Было часов восемь холодного декабрьского вечера, резкий северо-западный ветер гнал тучи снега, застилая глаза редким прохожим, пронизывая холодом, заставляя нервно вздрагивал от прикосновения к телу снежных таявших крупинок… Хмуро-неприветливым казался город в снежной метели с кремлевскими стенами на горе, с пустынными снежными улицами, освещенными керосиновыми фонарями, мелькавшими едва приметными красноватыми точками…
— Милостивый государь, милостивый государь… ваше сиятельство… па-азвольте!.. Господин генерал!.. на дневное пропитание… без роду… без племени… Три дня не ел, не пил,— обдавая запахом сивушного перегара, густым дребезжавшим басовым голосом, скороговоркой выкрикивал вынырнувший из темноты как дух, приземистый, коренастый человек с длинным посохом в правой руке, с волосатым лицом, в долгополом одеянии, с картузом на голове, засыпанным снегом, висевшими по плен волосами. Шаркая подошвами, забегая вперед, он приседал на подгибавшихся коленях, кашлял, харкал, кряхтел, сопел от одышки, опасливо озирался по сторонам, продолжая настойчиво выговаривать:
— Язвен за грехи, мучим за беззакония… за дневное пропитание… ваше сиятельство, господин всесветлый!.. Извержен, яко сосуд скудельный… яко благ, яко наг, яко нет ничего… и вожделенном одиночестве… Единственный пятачок на пропитание!.. пробираюсь к святым, нетленным мощам праведного Серафима во исцеление души и тела вашего сиятельства!.. — просительно гудел басовой дребезжащий голос, переходя в захлебывающиеся легочные хрипы.
— Вы из духовного звания? — вырвался вопрос, мы остановились…
— Угадали, всесветлое сиятельство,— извержен!
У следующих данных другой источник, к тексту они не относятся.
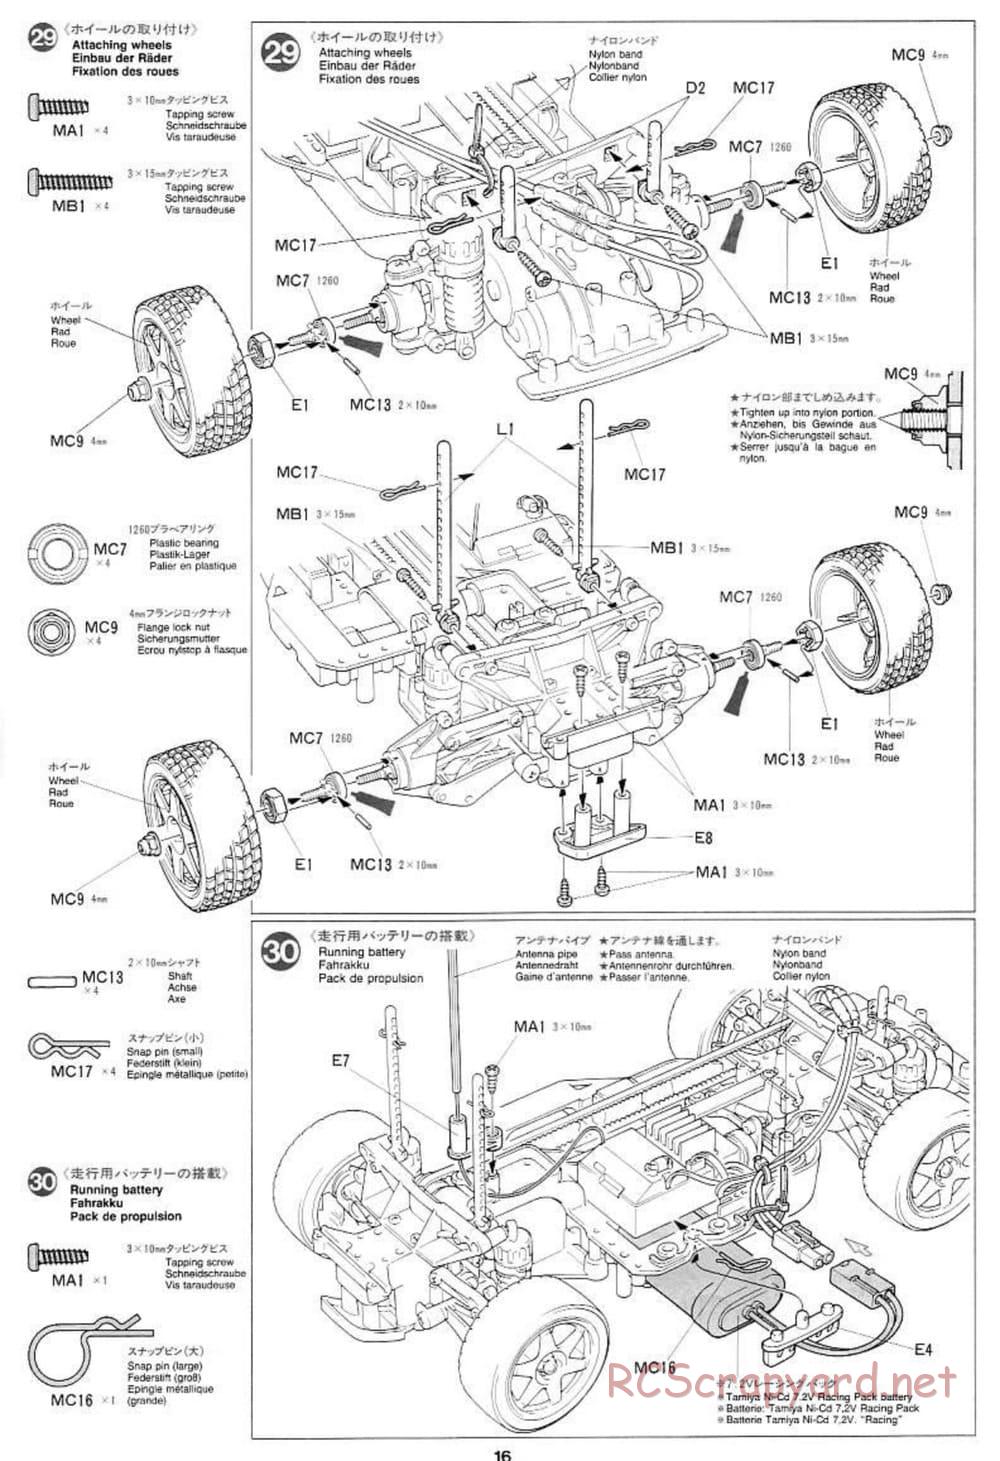 Tamiya - Toyota Corolla WRC - TA-03FS Chassis - Manual - Page 16

Яко птица небесная, не собираю в житницу, питаюсь доброхотными даяниями! — он суетливо топтался, широкое, скуластое волосатое лицо с бегающими глазами выражало жадность получения подачки, скорого избавления касательства с незнакомым человеком.
— Зайдемте в трактир обогреться,— предложил я нежданному знакомому: мне страстно захотелось разглядеть ближе долговолосого человека.
— Милостивый государь… ваше сиятельство!.. пятачок на пропитание,— торопливо говорил он, переходя с левой стороны на правую,— недостоин развязать ремень сапога… Три копейки на фунт пеклевана… ограничусь копейкой… помяни вас господи во царствии своем!— Он торопливо отходил, возвращался с протянутой рукой, топтался на месте, втягивая голову в воротник одеяния…
— Недостоин… ремень… сапога. Ограничусь копейкой!
— Желаете обогреться — зайдемте, не желаете — честь имею кланяться! — Я двинулся.
Простояв с минуту столбом, хлопнув руками по бедрам, он нехотя пошел.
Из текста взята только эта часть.